Pseudo Code

Pseudo-coding is a useful way to organize a set of calculations before you start to write actual instructions. In many cases, if you try to jump straight into "coding", you will get things out of order, or skip a key step. In pseudo-coding, you start by writing what you need to do in plain English (or French or whatever). For instance,

Loop over possible breaks

Do unit root test given the breaks

If this is least favorable to the unit root hypothesis

Save it

End

which is a fairly general description of a unit root test allowing for breaks. You then start to replace the plain language with actual code to do the required calculations and tests. It's usually a good idea to convert the plain text to a comment so you can remember what a section is doing.

It's often possible for the first attempt to include at least some actual code, particularly for the control instructions. For instance, in

do time=1871:1,1970:1

...update particles at time given time-1...

end do time

the first and last lines are legal RATS codes, and we just need to flesh out the "update..." part. What's important here is that we've made clear that we've set the loop so that it will compute the particles at <<time>> given <<time-1>>. One common problem that many people have is to write a loop without having a clear idea of what is supposed to be done on a trip through it.

It's usually a good idea to replace the sections of pseudo-code in stages. For instance, the following is the setup generated by the simplest case of the Monte Carlo/Gibbs Sampling generator wizard (for simple Monte Carlo):

COMPUTE NDRAWS=100

* Do any calculations that aren't specific to a draw.

* Initialize anything needed for holding results of draws

DO DRAW=1,NDRAWS

* Do new draw from distribution

* Do bookkeeping here. Save results for entry DRAW

END DO

At the moment, this does nothing other than run an empty loop 100 times. In general, you shouldn't start with the "bookkeeping" since until you actually have the draws and related calculations working, there's really nothing to save. Note that the wizard intentionally (by default) generates code for a rather small number of draws. A common error is to start with a "production" number of draws (like 10000), which typically requires shutting off the output from any calculations done inside the loop. As a result, you might miss the fact that (for instance), a nonlinear estimation fails to converge or a series being generated produces NA's where it shouldn't. With a small number of draws you can use PRINT options or PRINT or DISPLAY instructions to check that you're getting the types of results that you need. Once you're satisfied that you are generating proper results, you can turn off the "debugging" output and increase the number of draws. (One of the reasons for the wizard writing the program with a COMPUTE instruction for NDRAWS is to make it easier to change that).

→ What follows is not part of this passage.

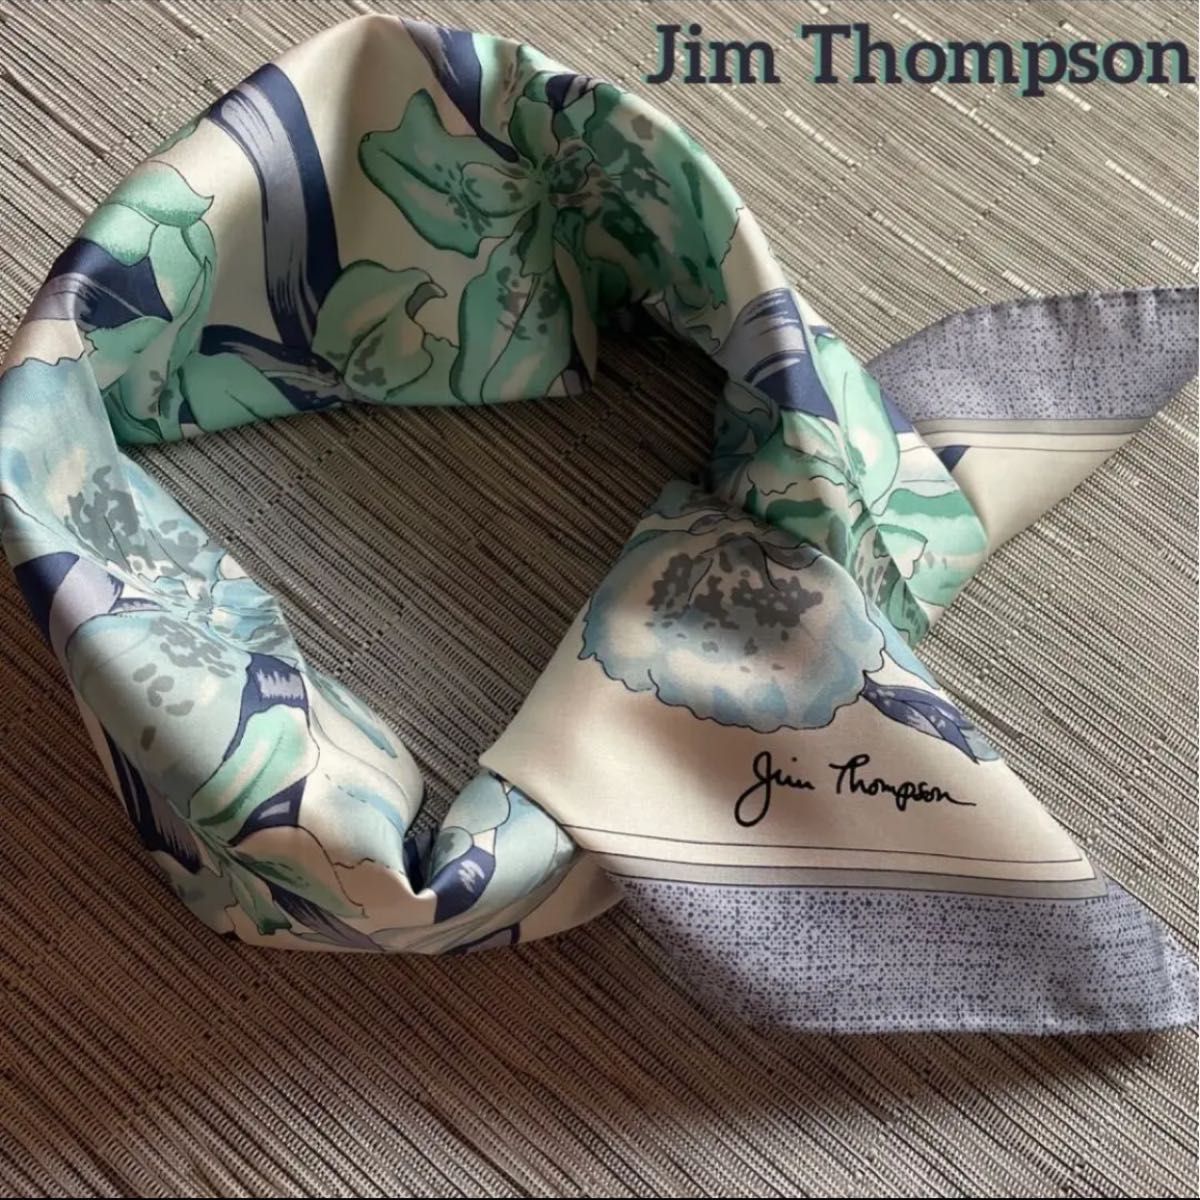 Jim thompson ジムトンプソン 大判シルクスカーフ(花柄・グレイッシュ

This generates the empirical distribution for the AR coefficient when running a random walk on its lag. (This should be skewed left, away from the true value of 1). So "new draw from distribution" requires generating a random walk. One thing that we have to decide first is how many observations to use for that. If we decide upon 250, we can put

compute nobs=250

outside the loop and

set(first=0.0) y 1 nobs = y{1}+%ran(1.0)

inside it. This is one of those situations where we could easily make a mistake—a random walk is generated recursively, and if we don't include the FIRST option (or do something similar), Y{1} won't exist when entry 1 is being computed so Y(1) will be NA, which will mean that Y(2) will be NA, etc. If we just put in a PRINT or GRAPH instruction for Y right here, we'll see whether we're actually generating data.

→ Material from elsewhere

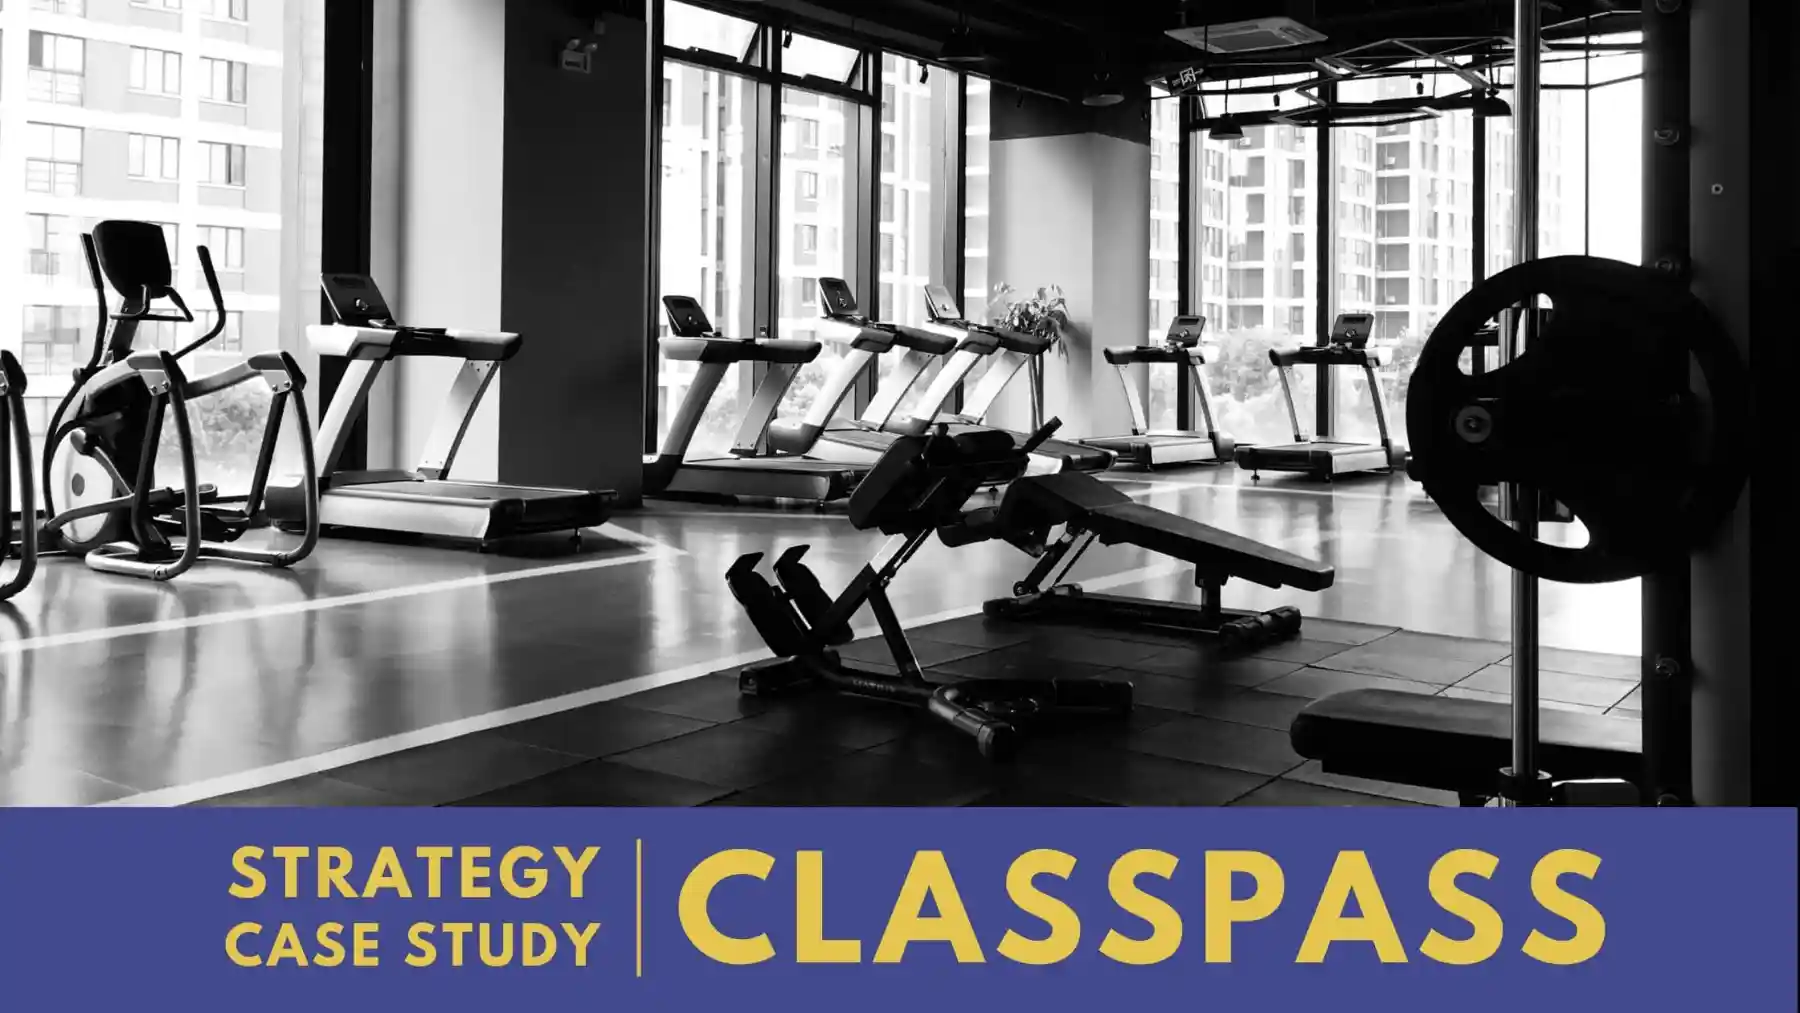 Strategy Case Study ClassPass Business Model

For each draw for the random walk, we need to run a LINREG of Y on its lag. We might now have a program which looks like

COMPUTE NDRAWS=100

compute nobs=250

* Initialize anything needed for holding results of draws

DO DRAW=1,NDRAWS

set(first=0.0) y 1 nobs = y{1}+%ran(1.0)

linreg(print) y

# y{1}

* Do bookkeeping here. Save results for entry DRAW

END DO

We've put a PRINT option on the LINREG so we can do a run through this at a low draw count and see if the results look reasonable. (We expect the coefficients to be near one, with more below than above).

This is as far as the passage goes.